● DATA
BEGIN

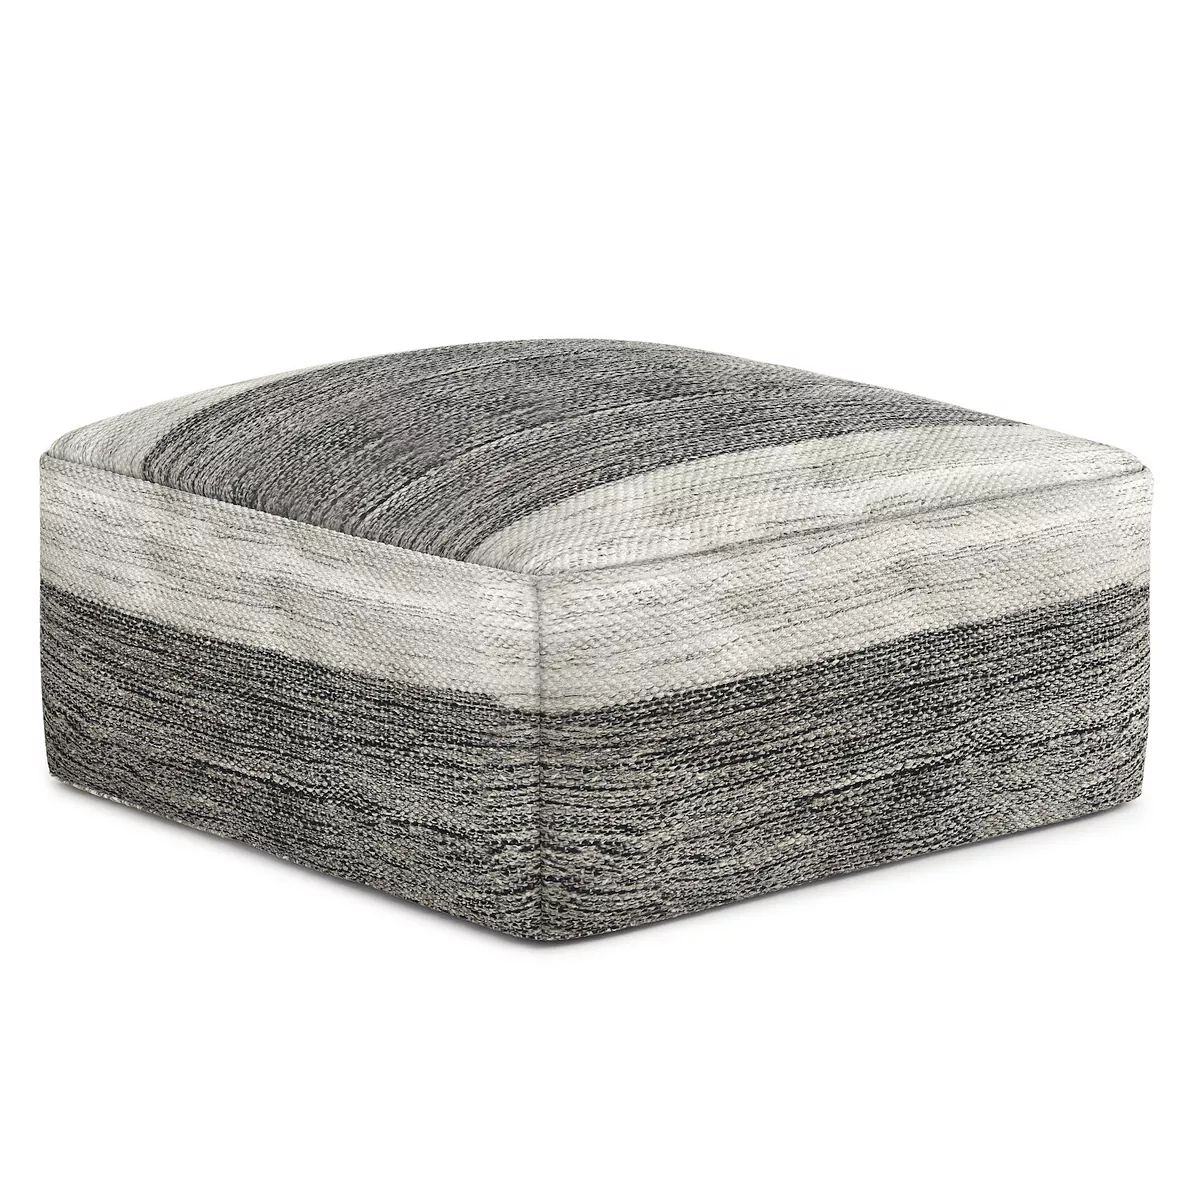 Simpli Home Mathis Square Woven Indoor / Outdoor Pouf | Kohl's
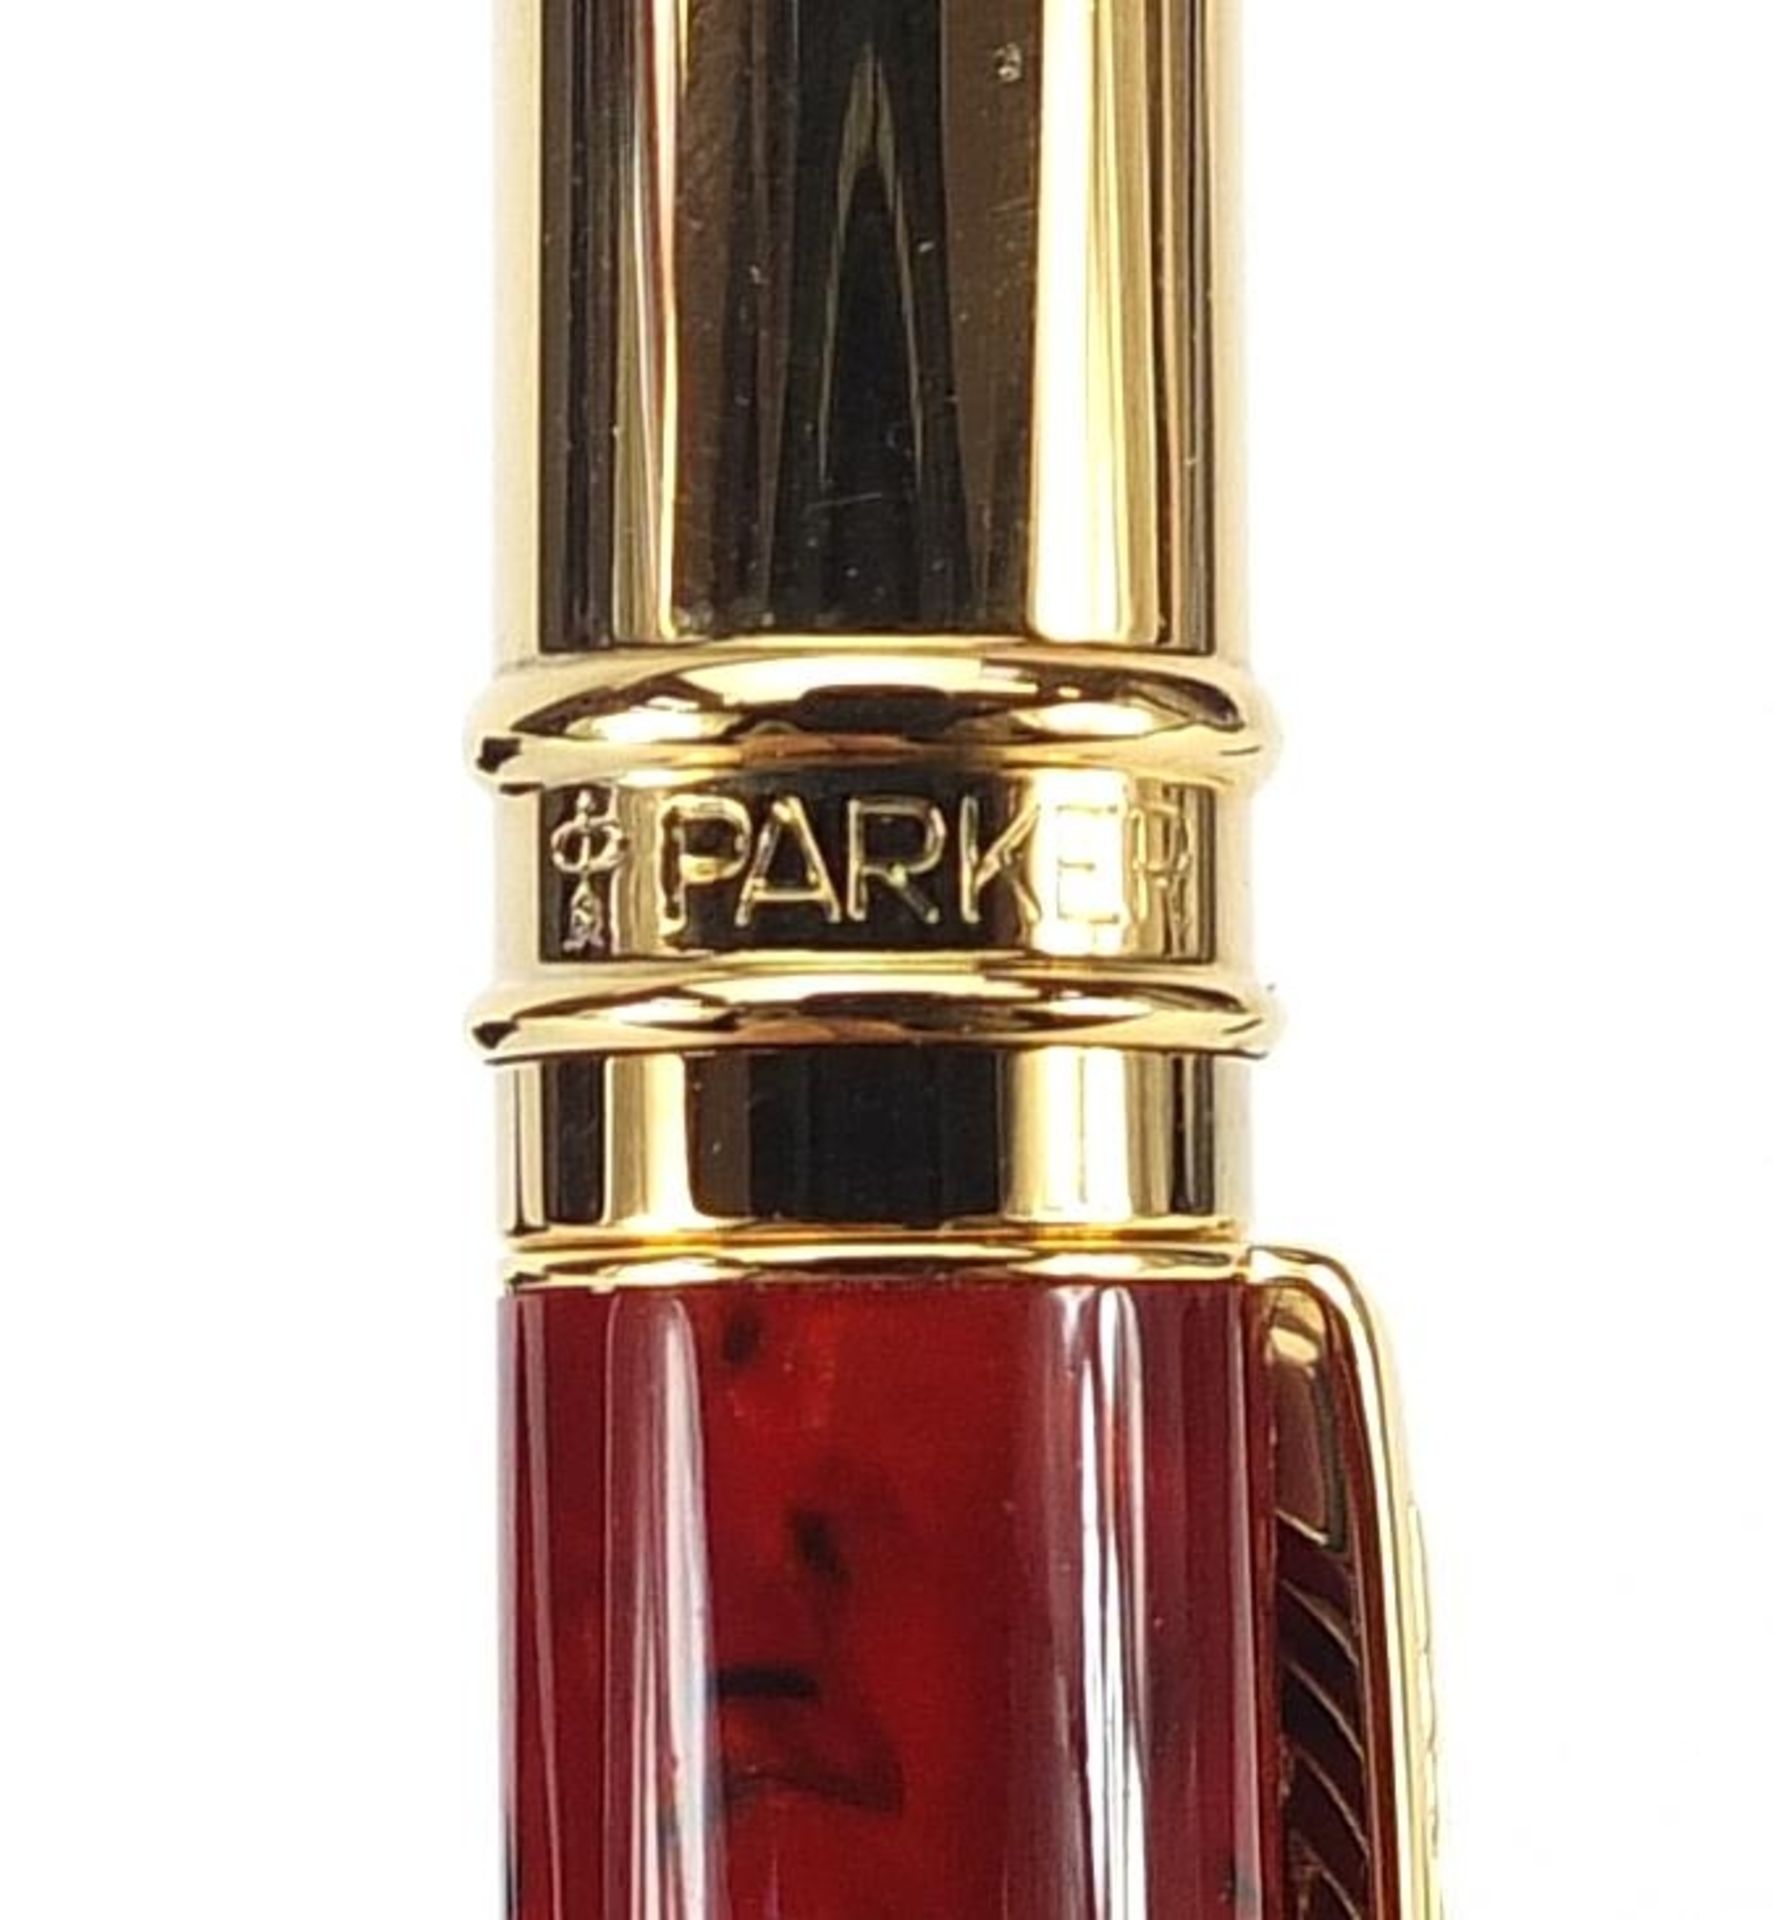 Parker Duofold red marbleised propelling pencil with case and a gold plated bark design fountain pen - Image 4 of 6
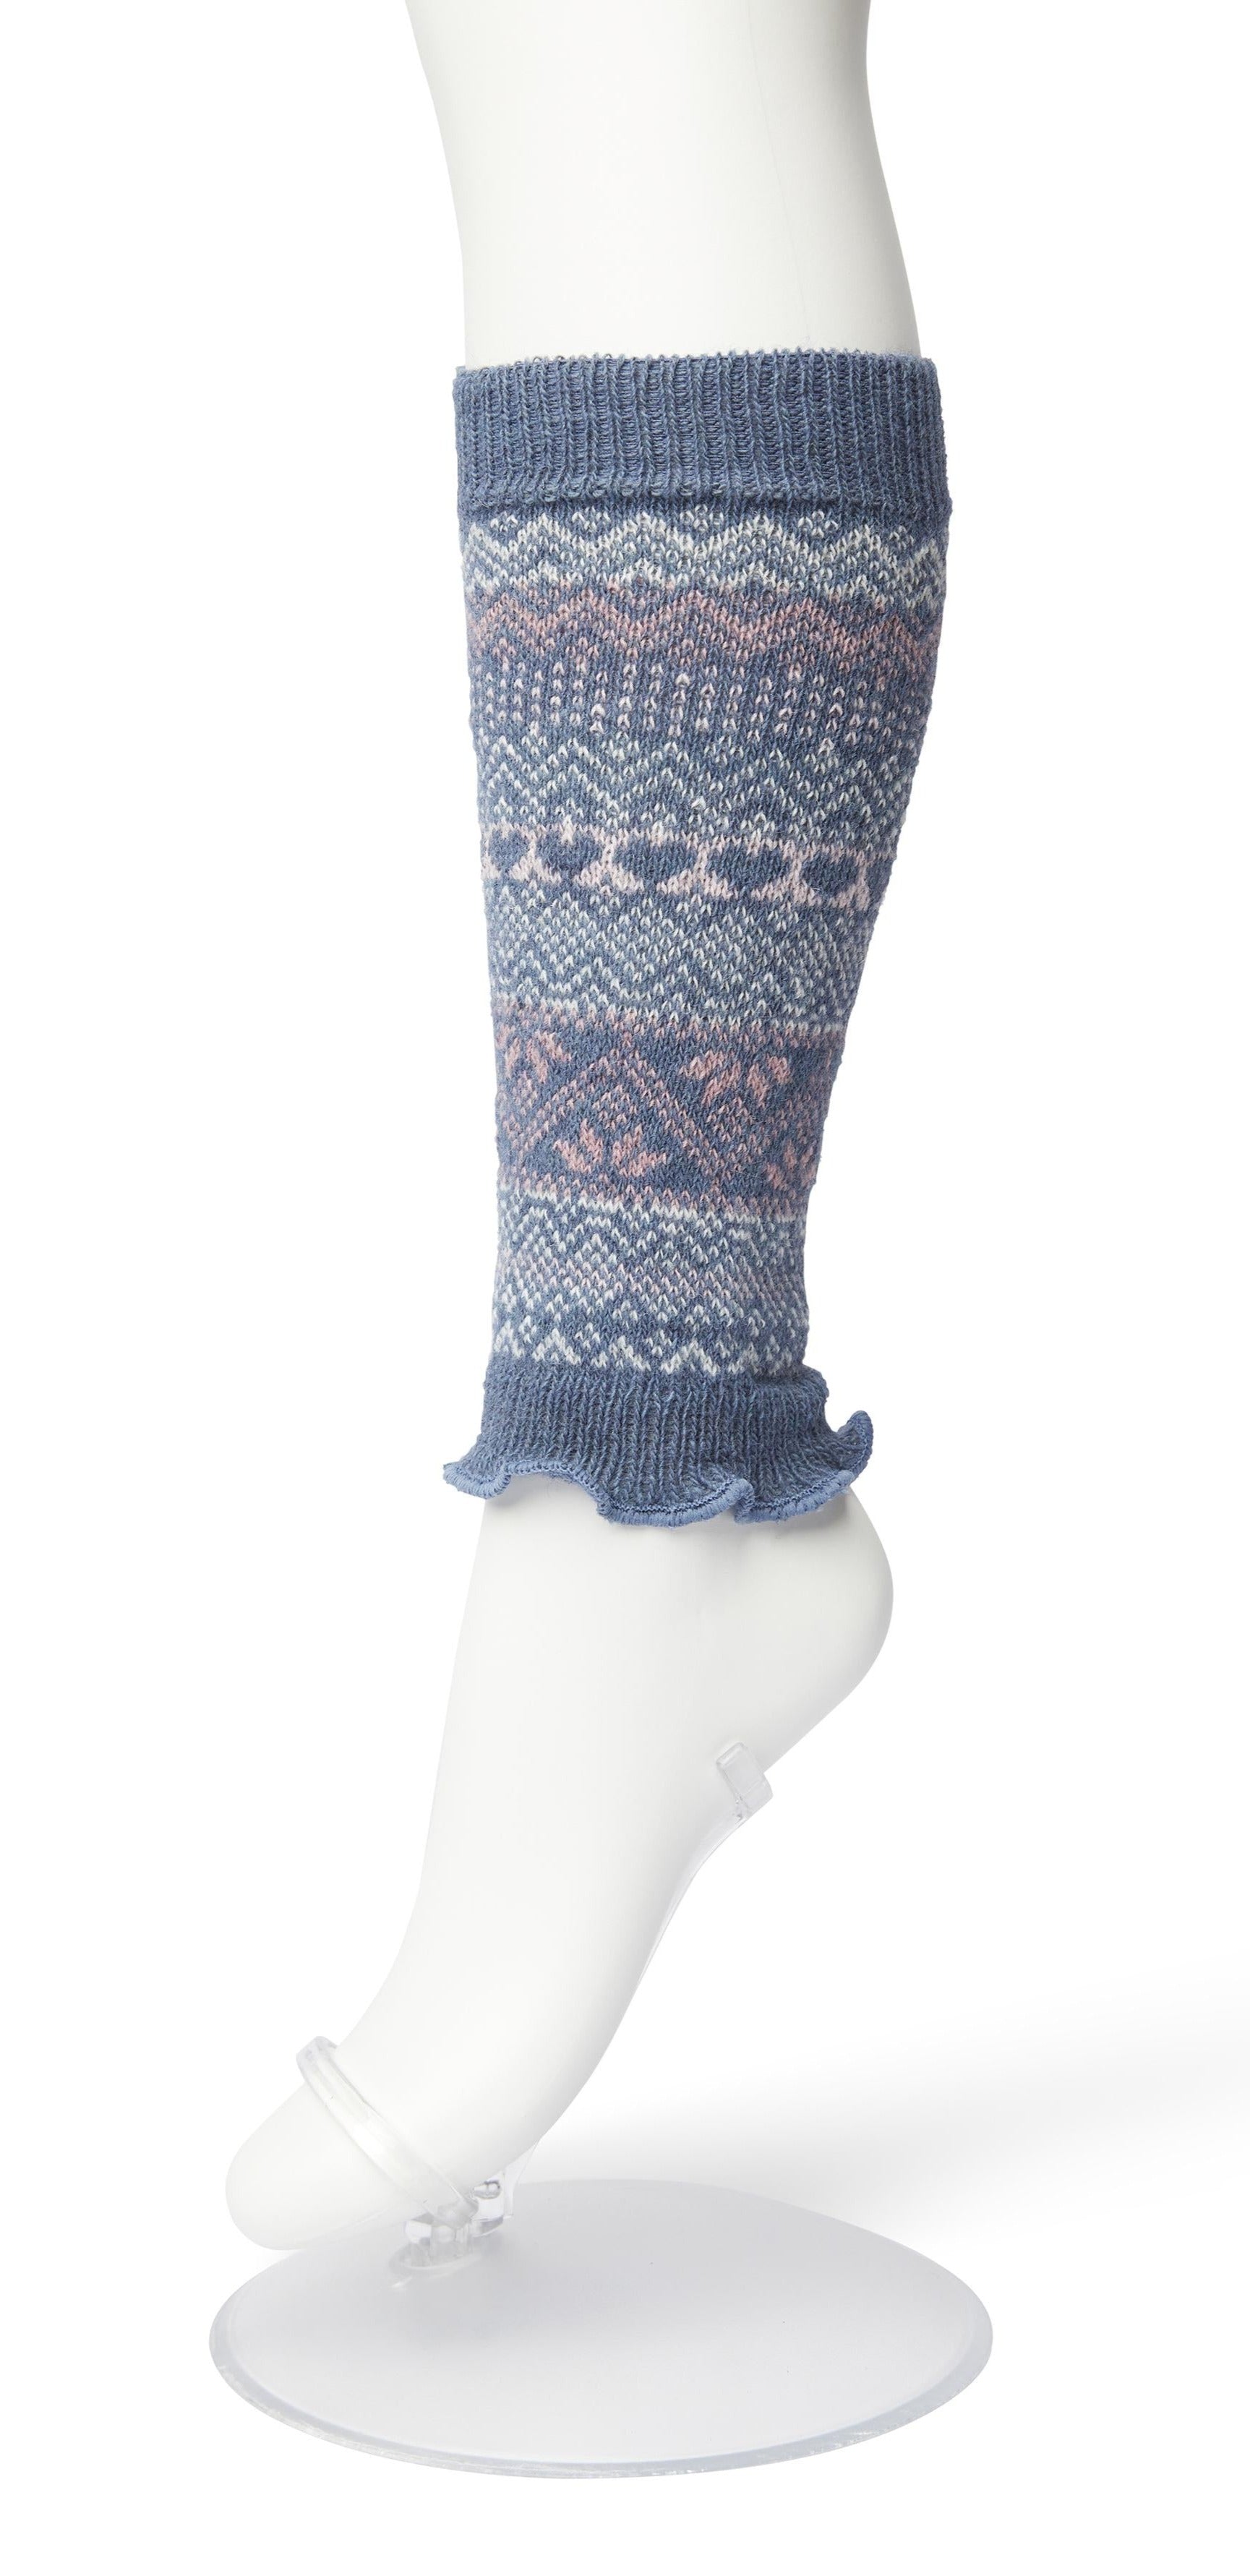 Bonnie Doon BP051729 Folkloric Legwarmers - Light pale blue grey, baby pink and white warm and soft knee length knitted leg-warmers with a fairisle style pattern, elasticated cuff and frill edge.

END

The output must match, line for line, the span from the line containing "Parker Duofold red" through the end of the data, with the pictures removed.

 Parker Duofold red marbleised propelling pencil with case and a gold plated bark design fountain pen - Image 4 of 6
 Bonnie Doon BP051729 Folkloric Legwarmers - Light pale blue grey, baby pink and white warm and soft knee length knitted leg-warmers with a fairisle style pattern, elasticated cuff and frill edge.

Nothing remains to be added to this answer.